The good safety and moderate treatment intensity of TAI with the FOLFOX regimen mean that it is a perfect option for the multiagent treatment of ICC, which benefits from a combination of targeted therapy, ICI therapy, radiotherapy, and other treatment options.

Moreover, in our unpublished study, the ORR of TAI with the FOLFOX regimen for advanced HCC was 44.3%, and the mOS was 27.8 months, suggesting that TAI may be superior to TACE in the treatment of advanced HCC. Interestingly, although all of our patients were confirmed to have ICC by puncture pathology, the patients with higher AFP and HBV-DNA levels seemed to have a better response to TAI treatment than those with lower AFP and HBV-DNA levels, suggesting that in real-world clinical practice, a considerable proportion of ICCs confirmed by puncture pathology are actually mixed cell carcinomas; similarly, and the more HCC components, the better the response to TAI with the FOLFOX regimen will be.

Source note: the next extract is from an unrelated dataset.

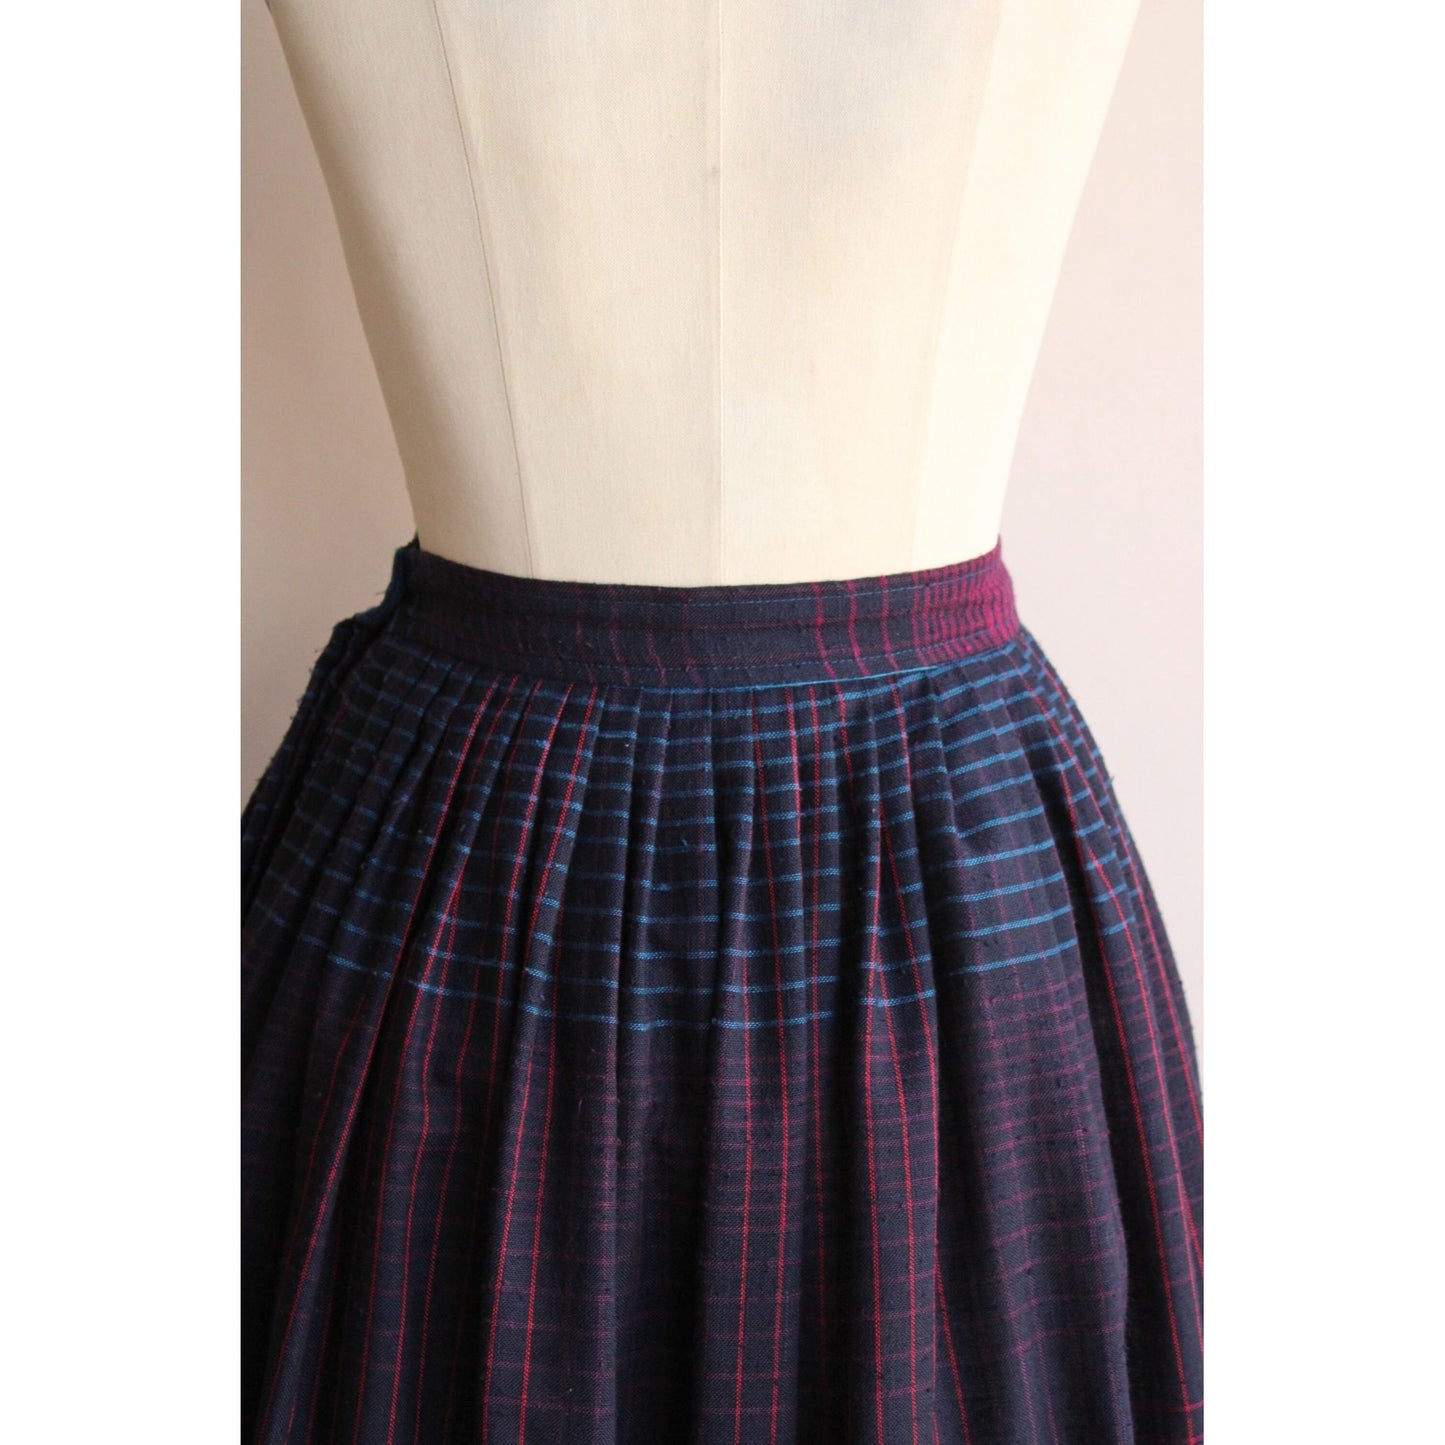 Vintage 1980s The Villager Plaid Check Pleated Full Skirt with Pocket

There are several limitations of the present study. First, this is a retrospective study with inherent biases. Second, the number of cases included in the present study is relatively small. A large-scale prospective randomized clinical trial is needed to further confirm the efficacy and safety of TAI with the FOLFOX regimen in ICC in the future.

In conclusion, the present study demonstrated that TAI with the FOLFOX regimen could be an effective and safe treatment for unresectable ICC. However, the results need to be further confirmed through large-scale prospective randomized clinical trials in the future.